We have been going through the very painful and almost totally incredible process of changing everything we think about ourselves.  Firstly: 'I am OK! I may be 71 but I am well, healthy, no underlying medical conditions.  Please don't place me in any kind of 'elderly' category... 70 today is not the same as 70 even twenty years ago.....' 

Then: 'Oh! That illness sounds awful, and I don't want to be a victim.  I will take sensible measures, wash my hands when I've been outside, stay 2m away from other people....' 

And now 'Oh! I myself am the source of all danger. I might - quite unknowingly - infect other people.  A little sneeze or a touch or bank note from me to another person may kill them.....'   So, I have to see myself as a plague-carrier.     Even if I am in fact clean.

That process is distressing, even if logical.   And - that deep fear, that we all face the prospect of drowning inside one's own lungs, with no hospital help (too old).     Or Andrew might, or siblings, or other friends or family.

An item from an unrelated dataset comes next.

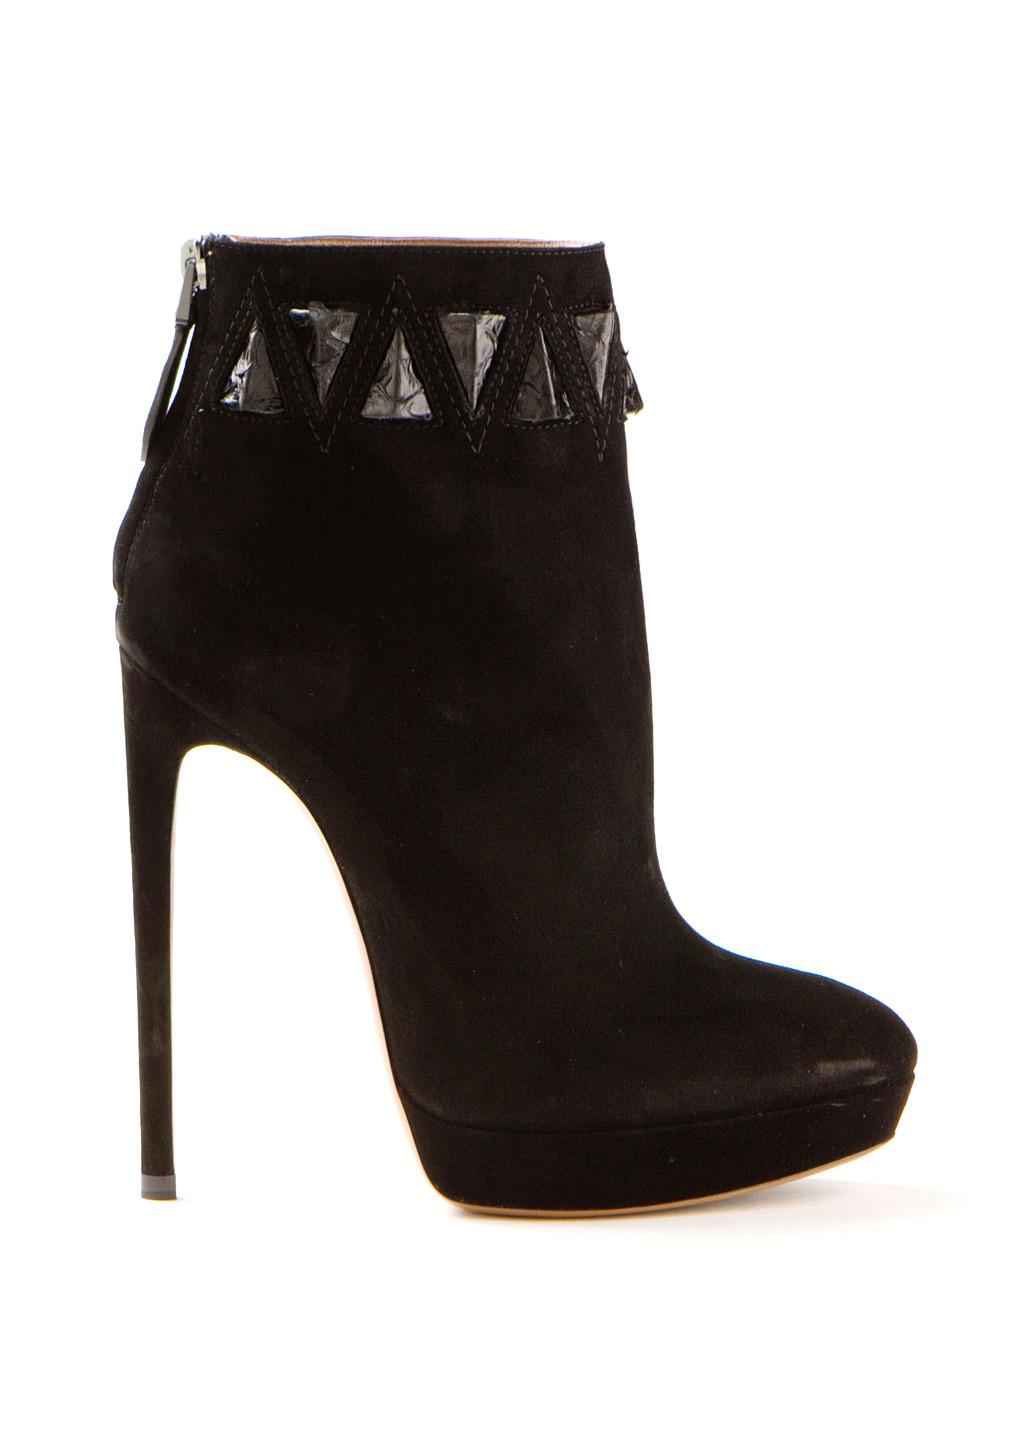 Azzedine alaïa ankle boots :: azzedine alaïa black chamois ankle boots embellished with python yokes
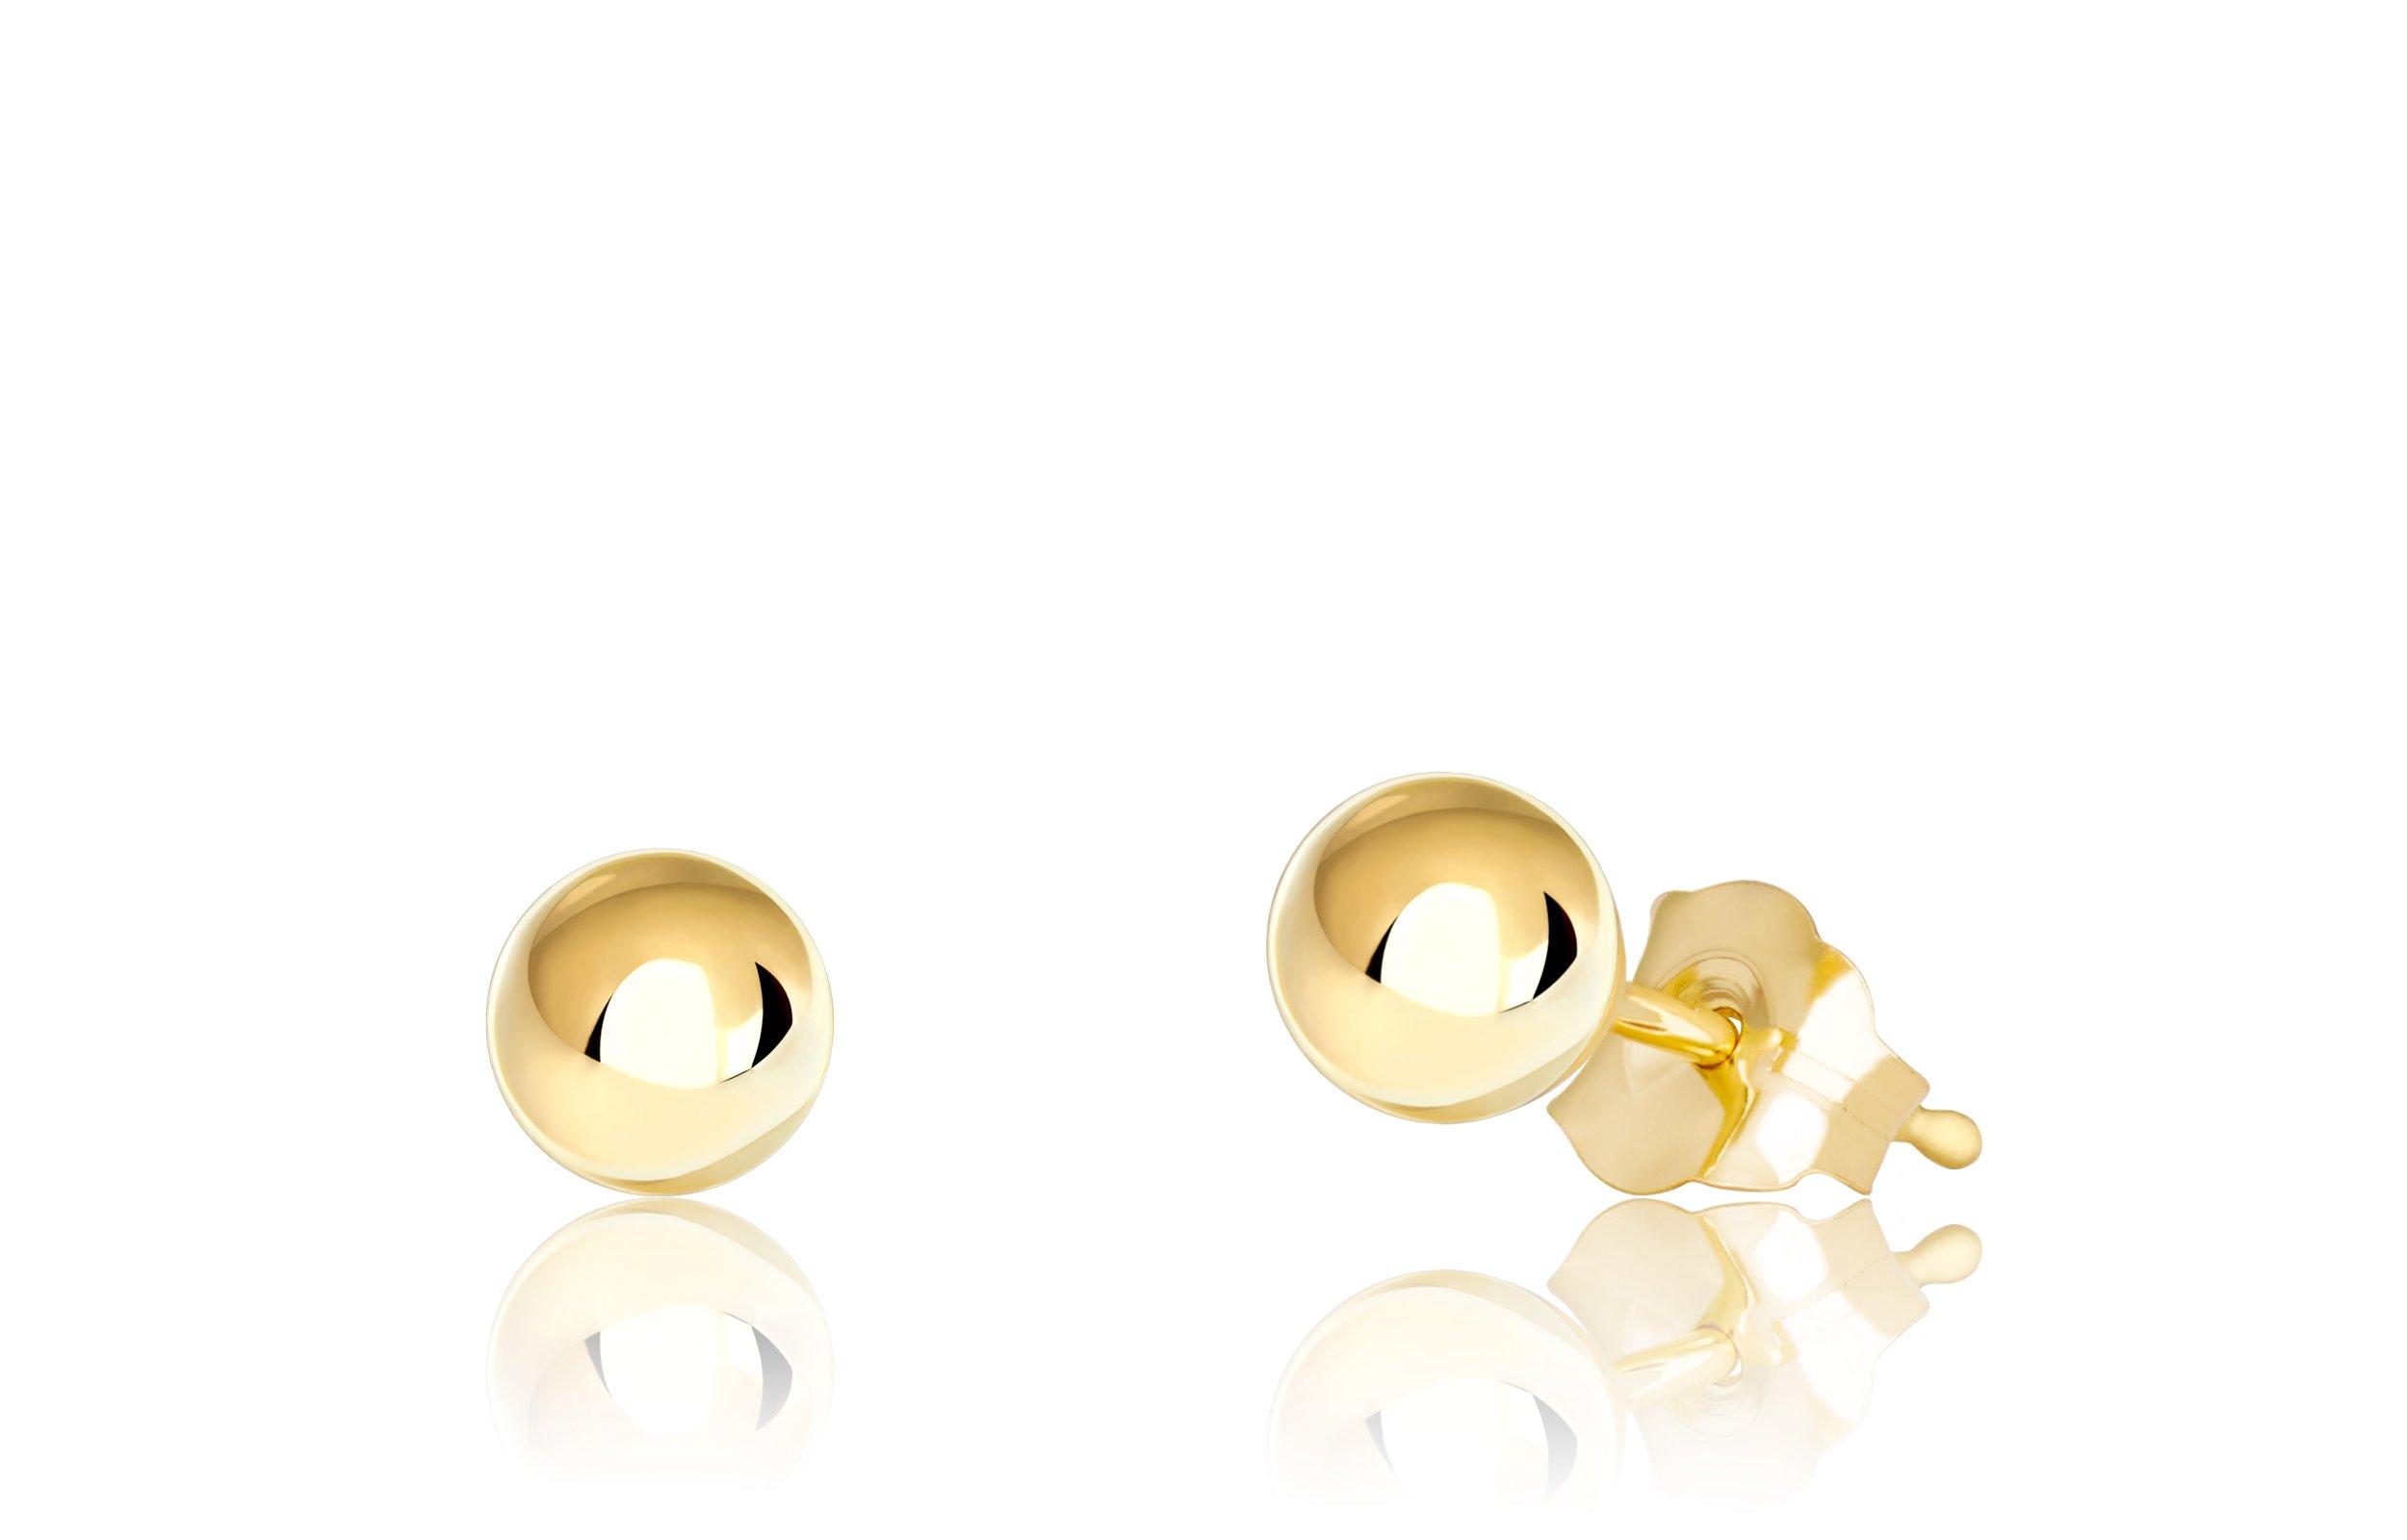 Premium 14K Yellow Gold Ball Stud Earrings (4mm - Yellow Gold)

The lines of coffins in Italy are sobering.

This morning, the sun came up into a clear sky. Joyous! How many more sunrises will I see?


Each day is to be savoured. The sunshine blessed. I ought to check that my Will is up to date, and a note about my bank accounts is somewhere for any heirs to find.    I should throw out things which are not needed... if anyone will take them. Shops are shut everywhere. 

Yesterday I gave away about 30 potted-up plants... overwintered, repotted...  for children to plant.  Donations to the Creek Trust for these modest things totalled £7.41.   Today we gave away a boxful of old jams and chutneys, discovered in a cupboard - old but still ok, like we ourselves.   Andrew has been to the allotment and is now home. While he was out, I drew those grapes.  Last night, some friends had an online quiz.,. jolly, slightly berserk, drunk.  This morning, my weekly group had an online conference meeting. Very supportive - a relief to see everyone's faces.  People are really really scared.